▶ **Dataset excerpt**
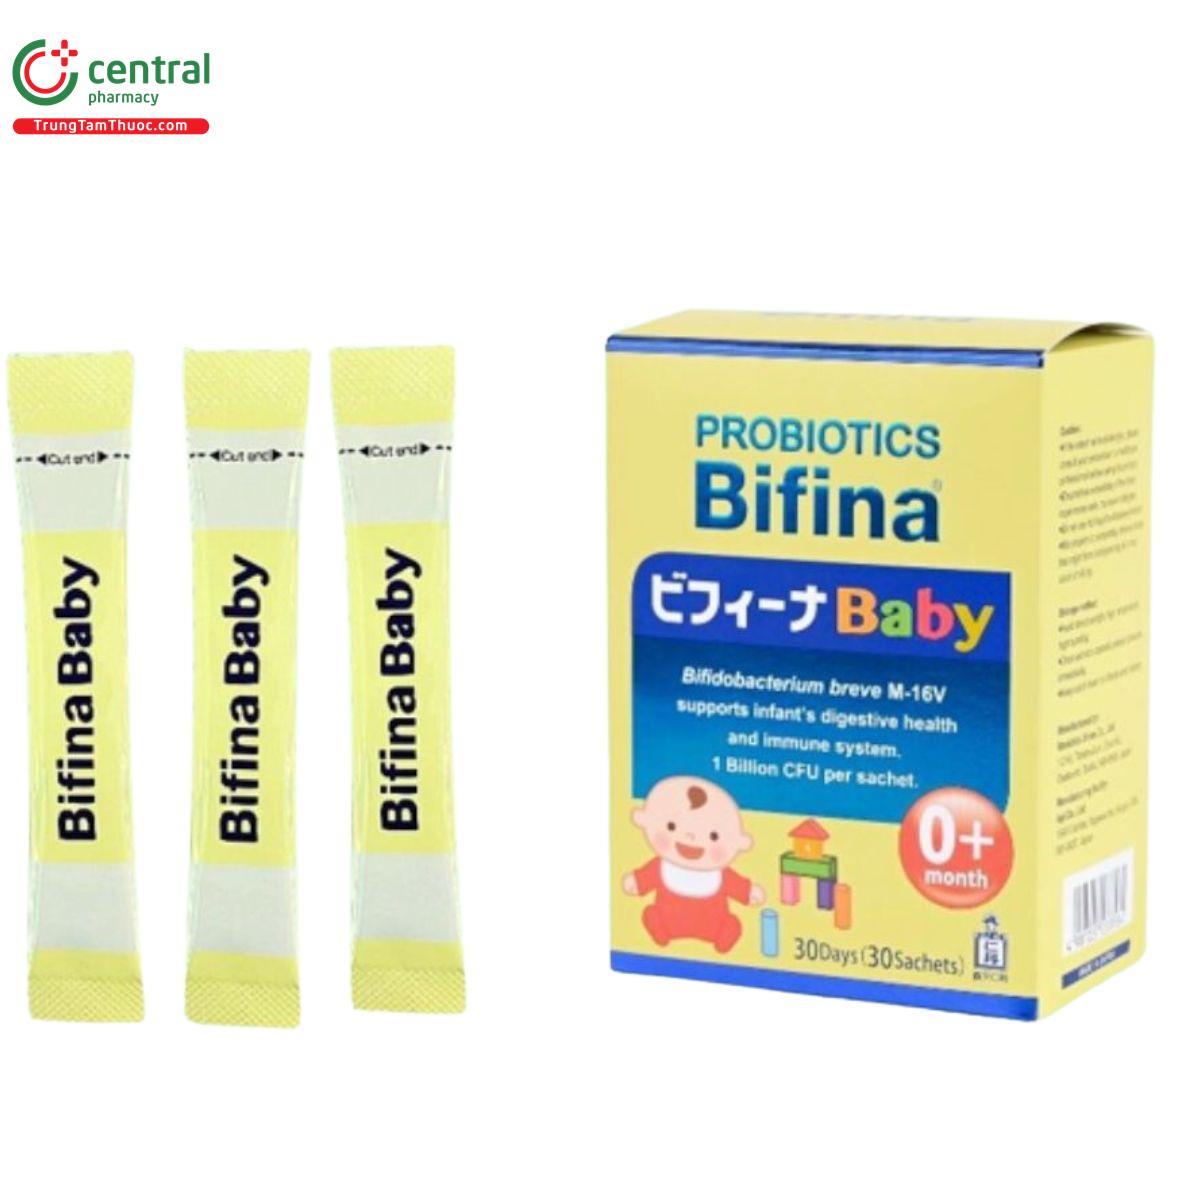 bifina baby 12 F2802
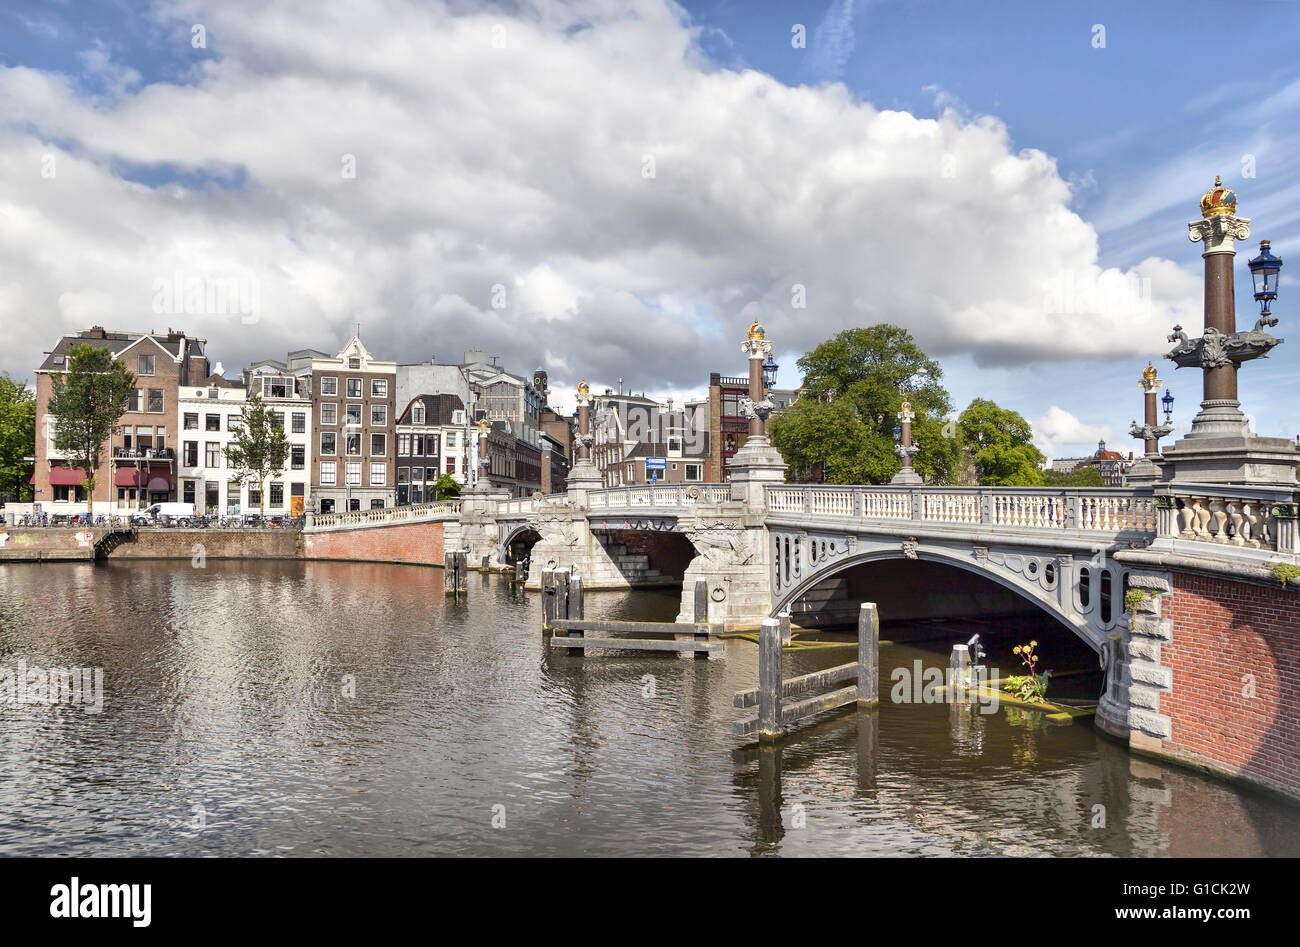 Historische Blauwbrug Brücke (blaue Brücke) in Amsterdam, Niederlande. Es verbindet den Rembrandtplein Bereich mit den Waterlooplein ar Stockfoto
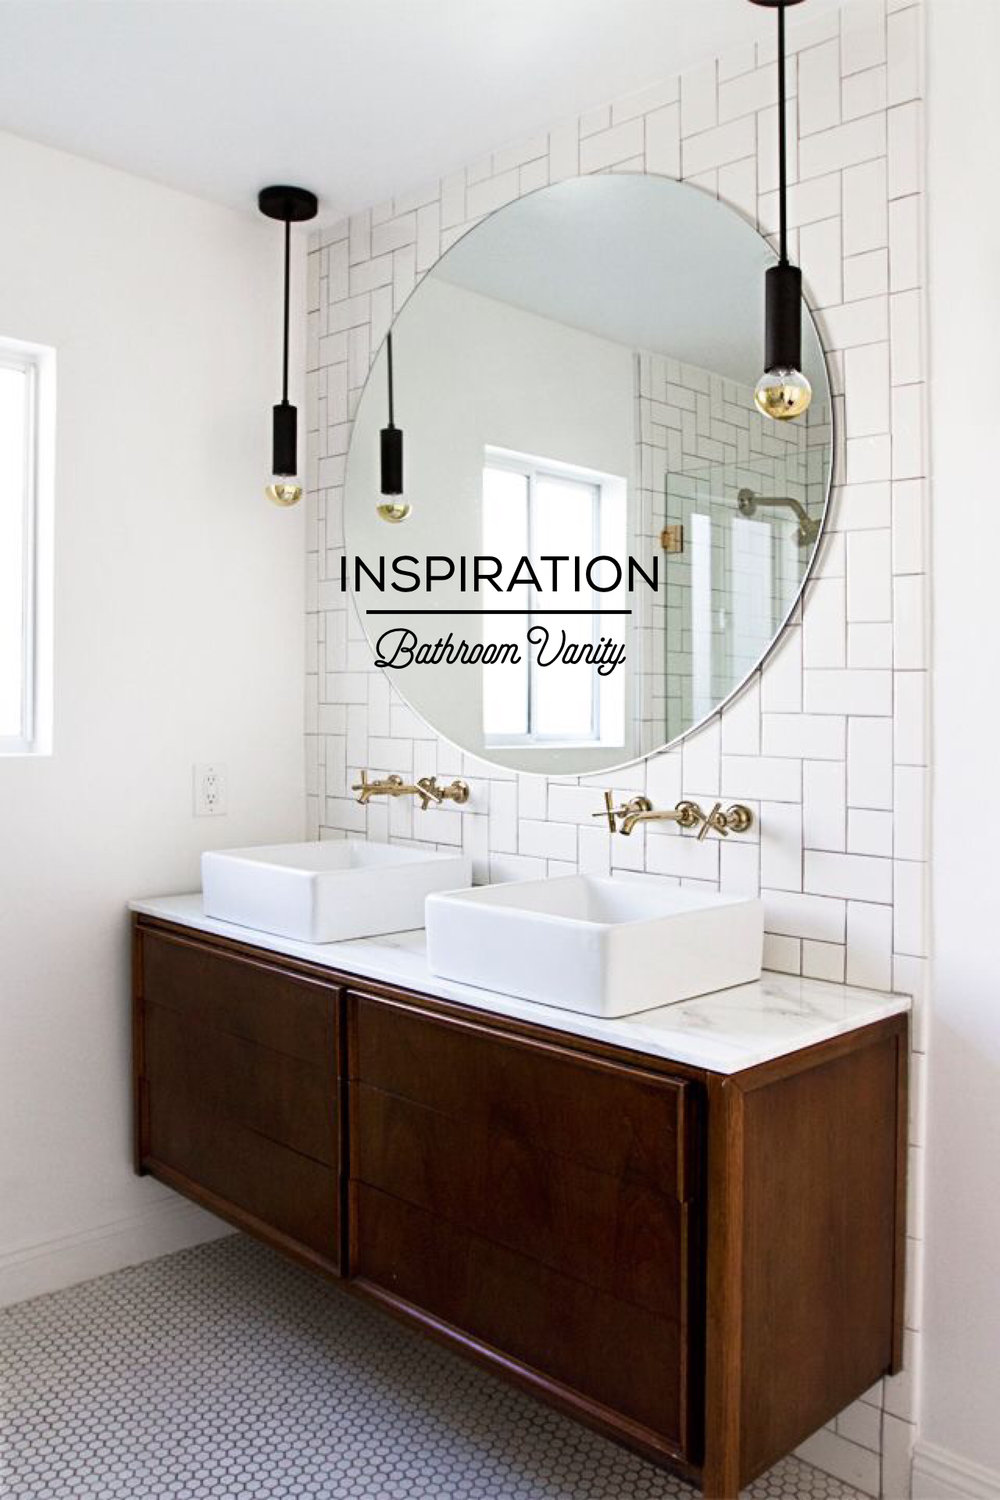 Inspiration Bathroom Vanity My, Simple Bathroom Vanity
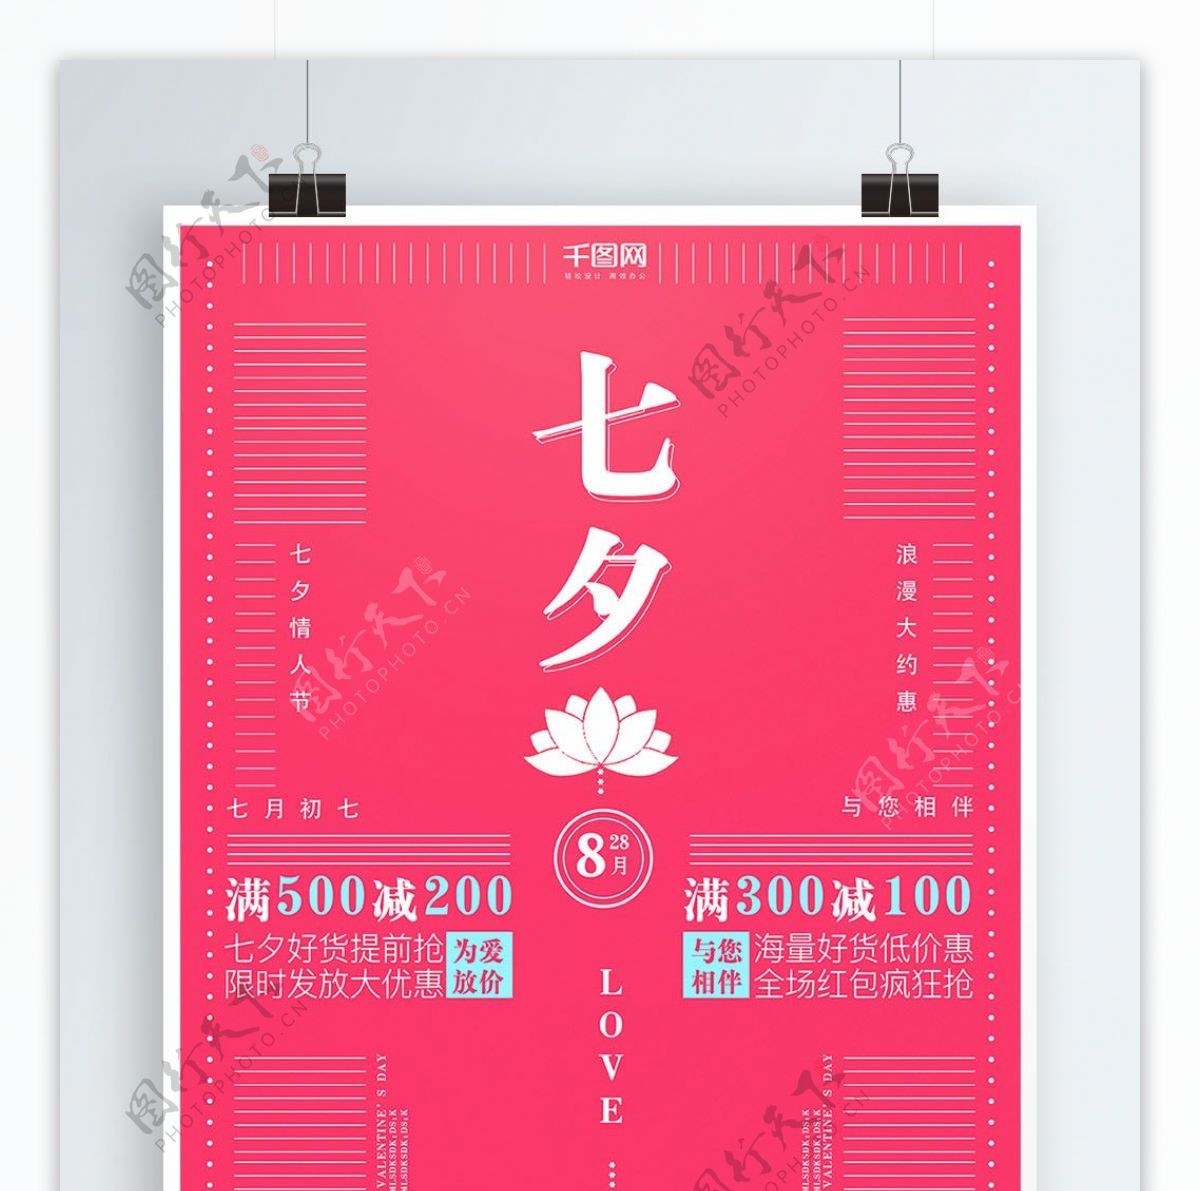 实验式七夕节日活动促销海报设计PSD模板

▶ **What you will do**
Copy exactly the lines from the line holding "Historische Blauwbrug Brücke" to the final line of the listing, and leave the pictures out.

▶ **Task solution**
 Historische Blauwbrug Brücke (blaue Brücke) in Amsterdam, Niederlande. Es verbindet den Rembrandtplein Bereich mit den Waterlooplein ar Stockfoto
 Inspiration Bathroom Vanity My, Simple Bathroom Vanity
 实验式七夕节日活动促销海报设计PSD模板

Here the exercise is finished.